Content starts

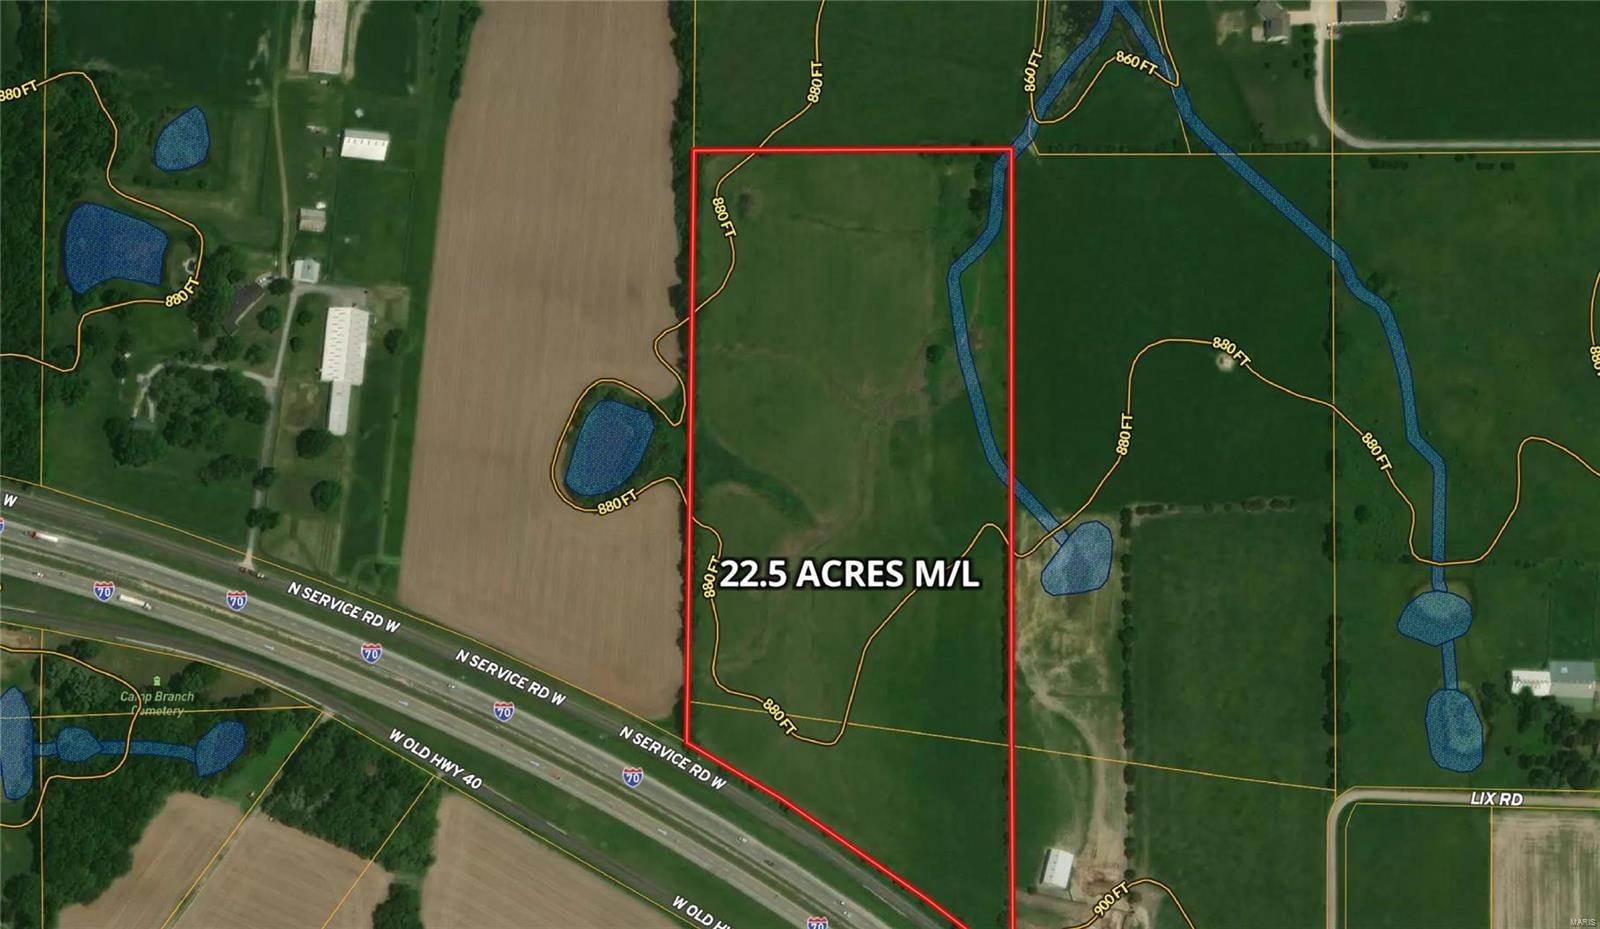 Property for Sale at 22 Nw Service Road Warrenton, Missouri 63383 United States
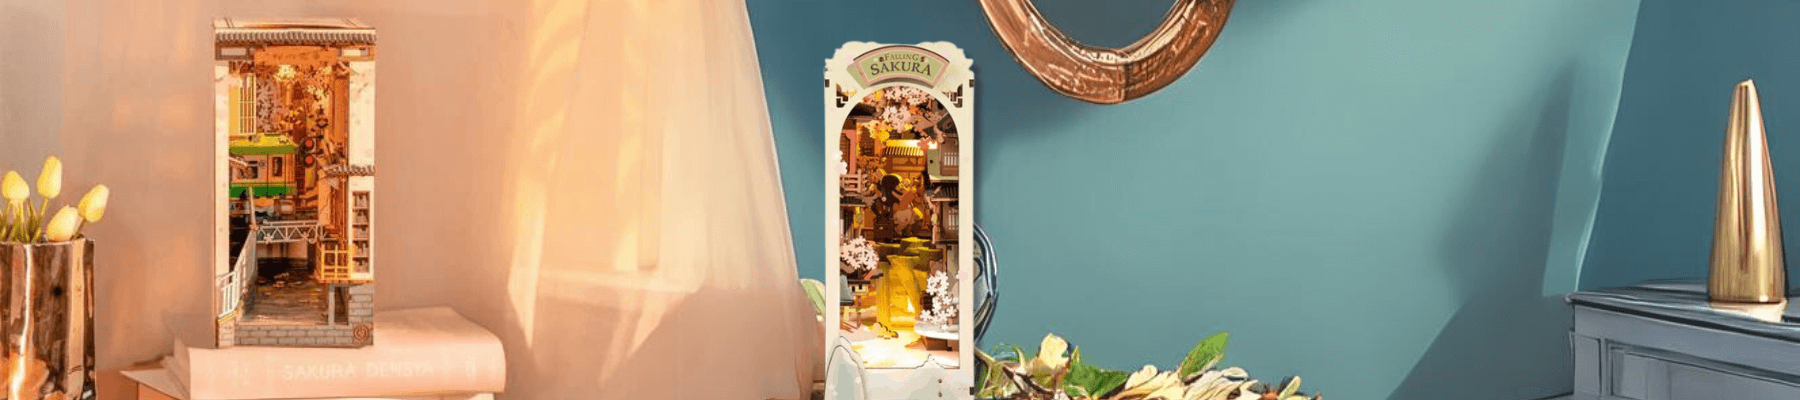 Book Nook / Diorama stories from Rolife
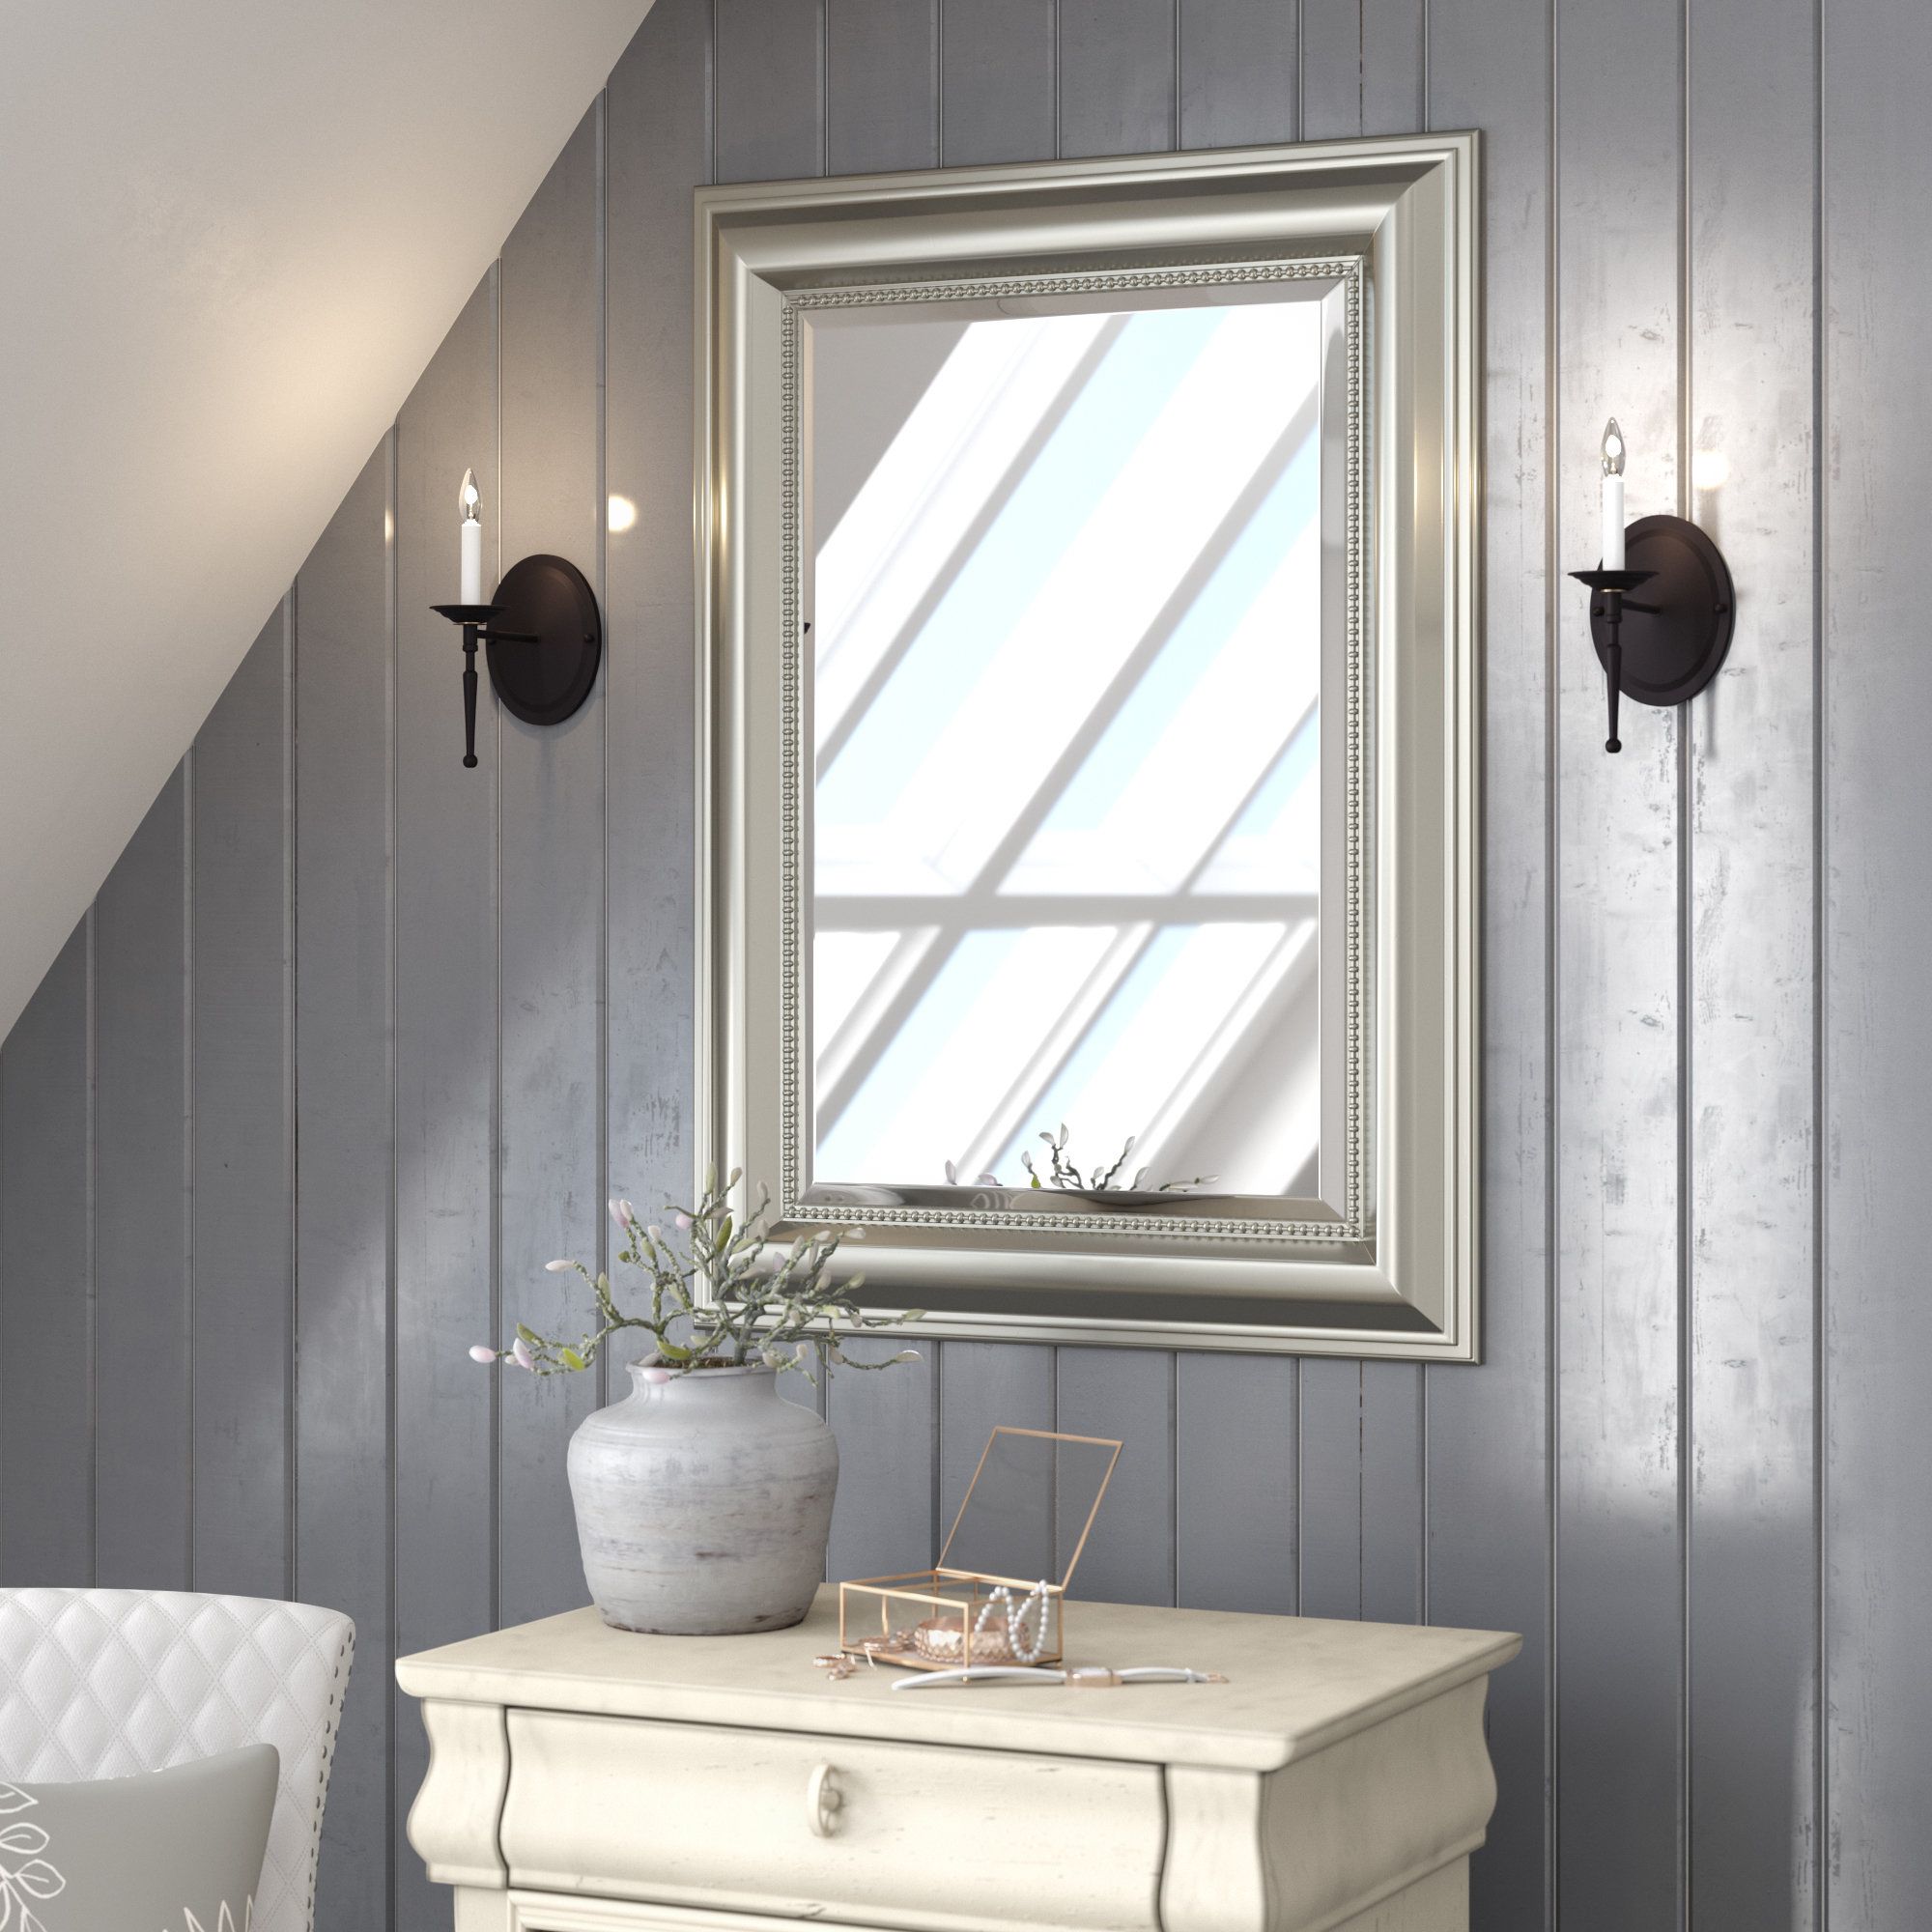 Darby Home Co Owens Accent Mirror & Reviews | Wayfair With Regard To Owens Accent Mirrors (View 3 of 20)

Content ends
Content starts

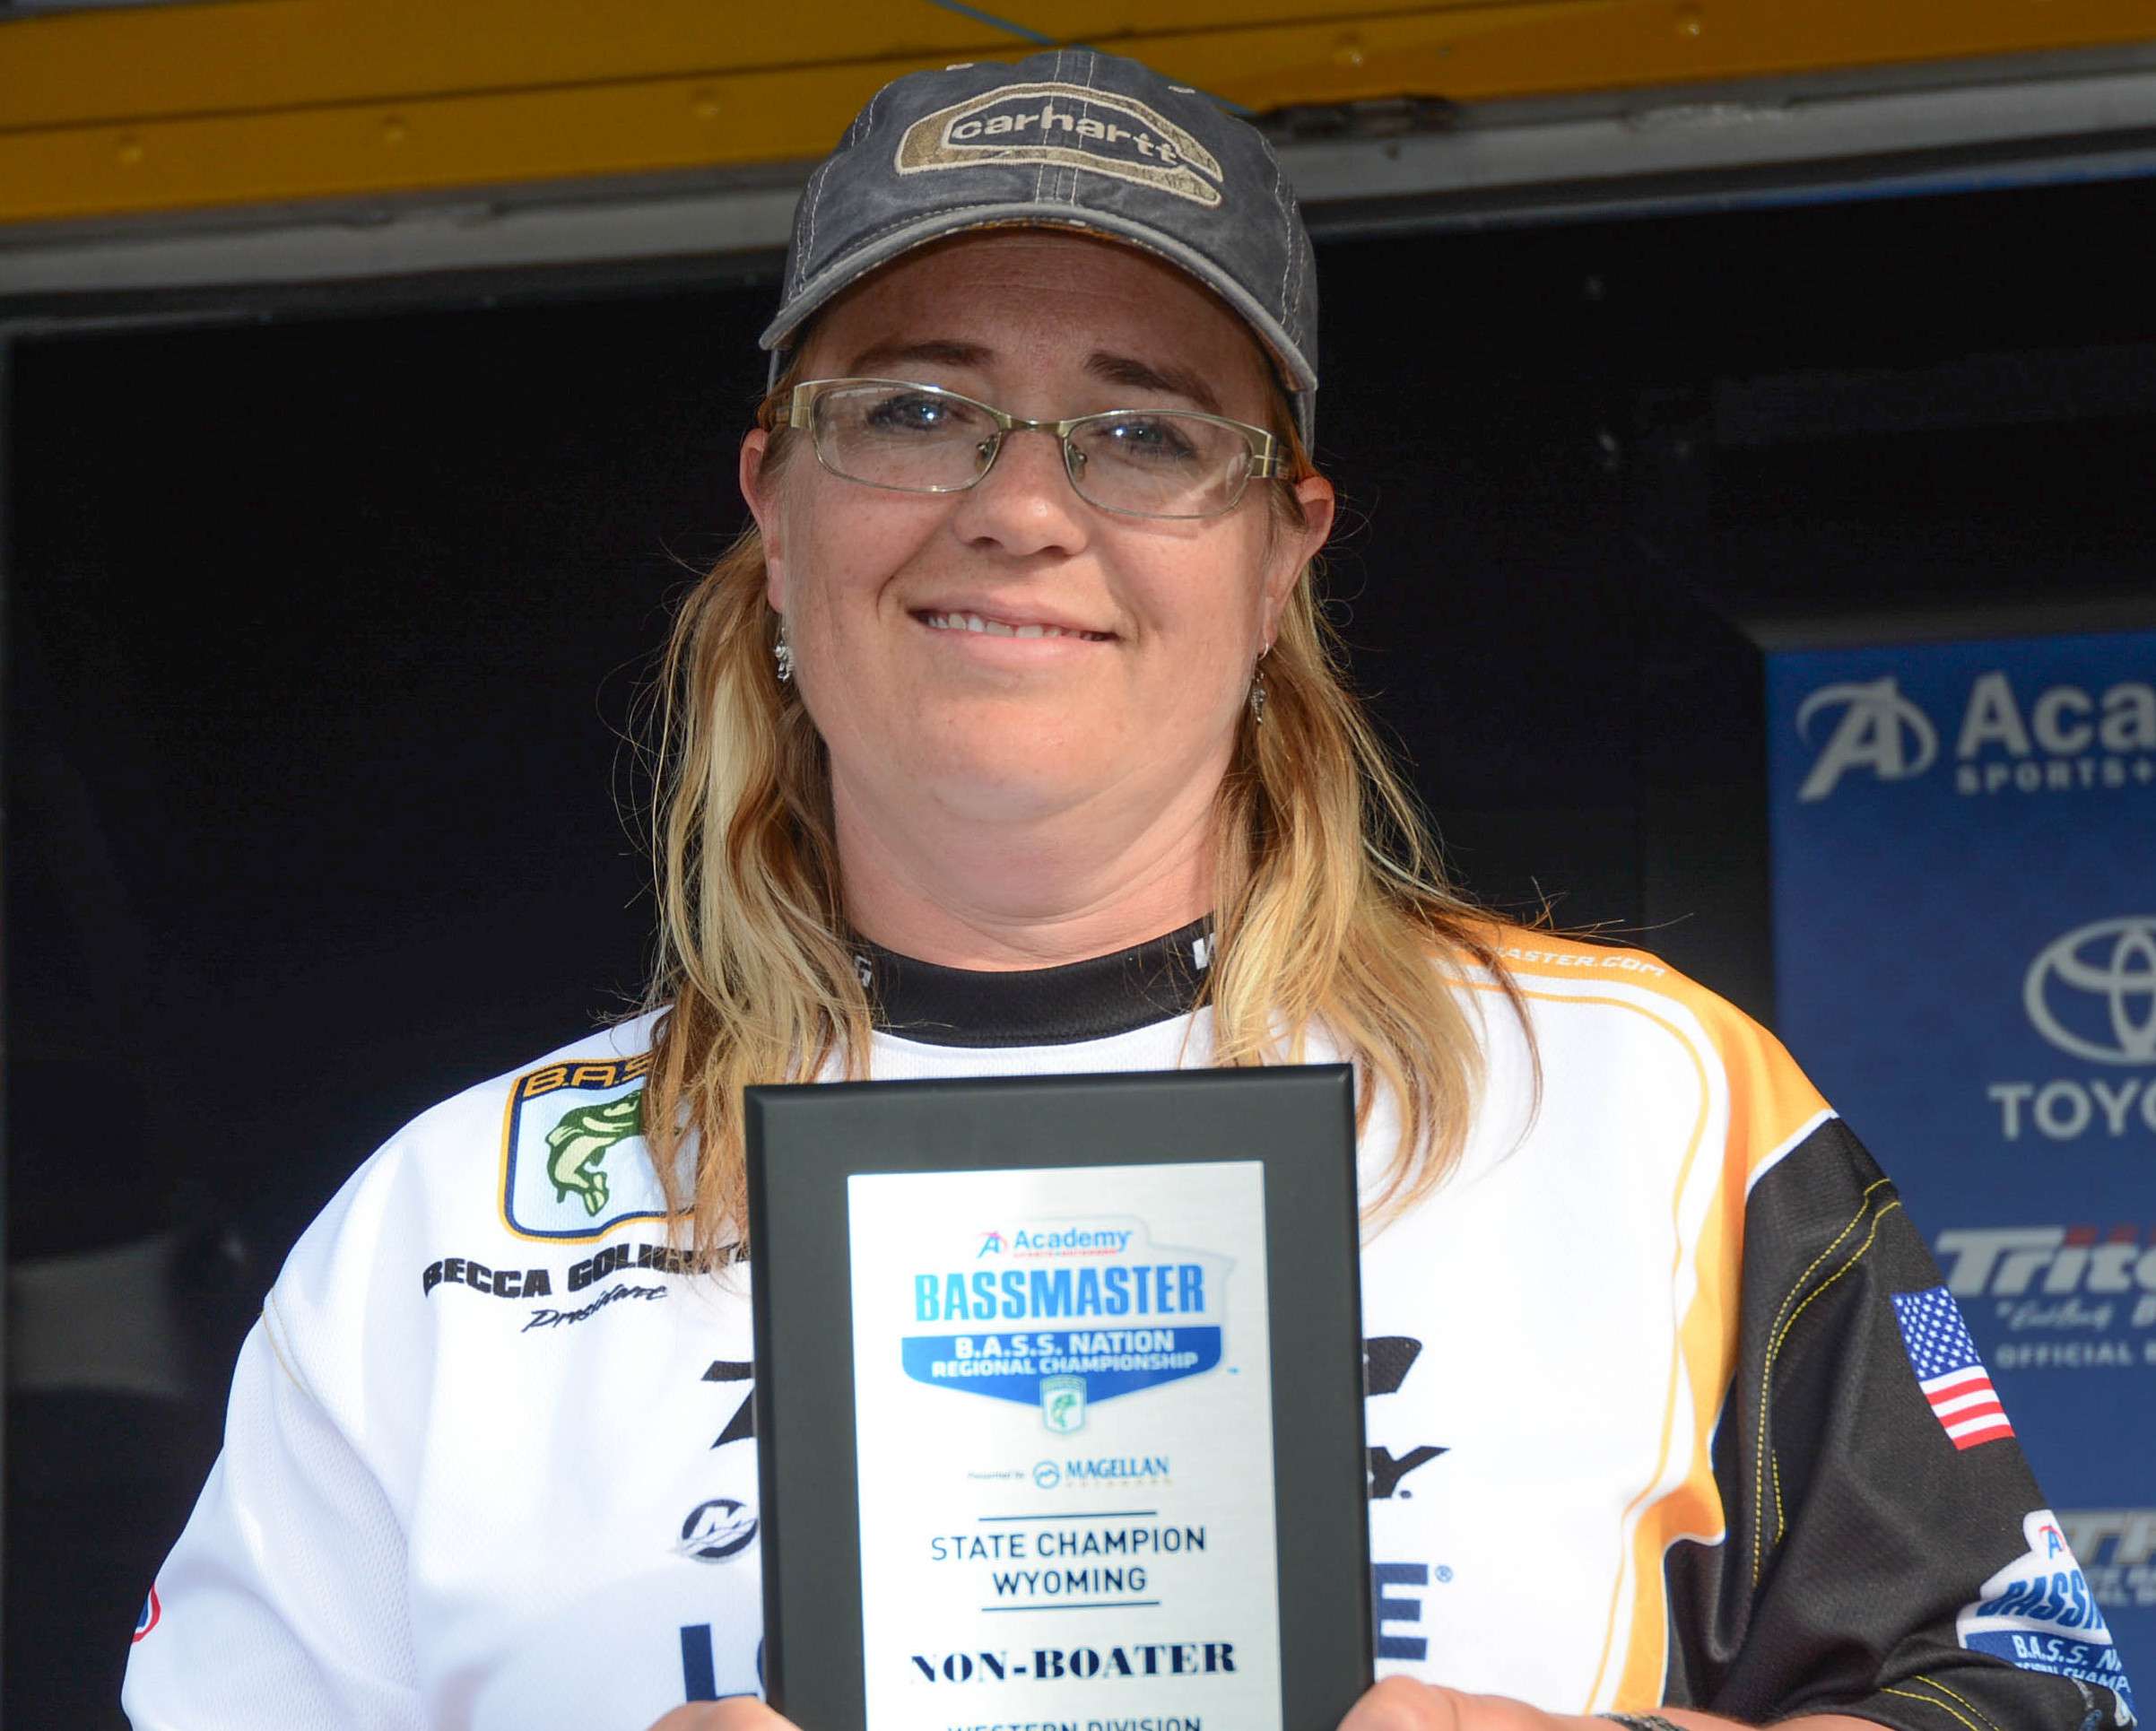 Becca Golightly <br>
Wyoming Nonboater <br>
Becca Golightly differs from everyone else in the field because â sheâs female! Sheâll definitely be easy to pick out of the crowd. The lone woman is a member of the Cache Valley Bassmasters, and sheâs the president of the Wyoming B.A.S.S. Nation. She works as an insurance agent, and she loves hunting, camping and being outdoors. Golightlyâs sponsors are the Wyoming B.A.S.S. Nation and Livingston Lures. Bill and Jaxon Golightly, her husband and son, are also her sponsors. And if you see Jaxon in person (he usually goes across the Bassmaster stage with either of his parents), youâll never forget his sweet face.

Content ends

- Task statement -
Now transcribe the lines above exactly, starting at the line containing "Property for Sale" and ending at the line containing "Darby Home Co", both lines included, pictures excluded.

- Solution to this exercise -
 Property for Sale at 22 Nw Service Road Warrenton, Missouri 63383 United States
 Book Nook / Diorama stories from Rolife
 Darby Home Co Owens Accent Mirror & Reviews | Wayfair With Regard To Owens Accent Mirrors (View 3 of 20)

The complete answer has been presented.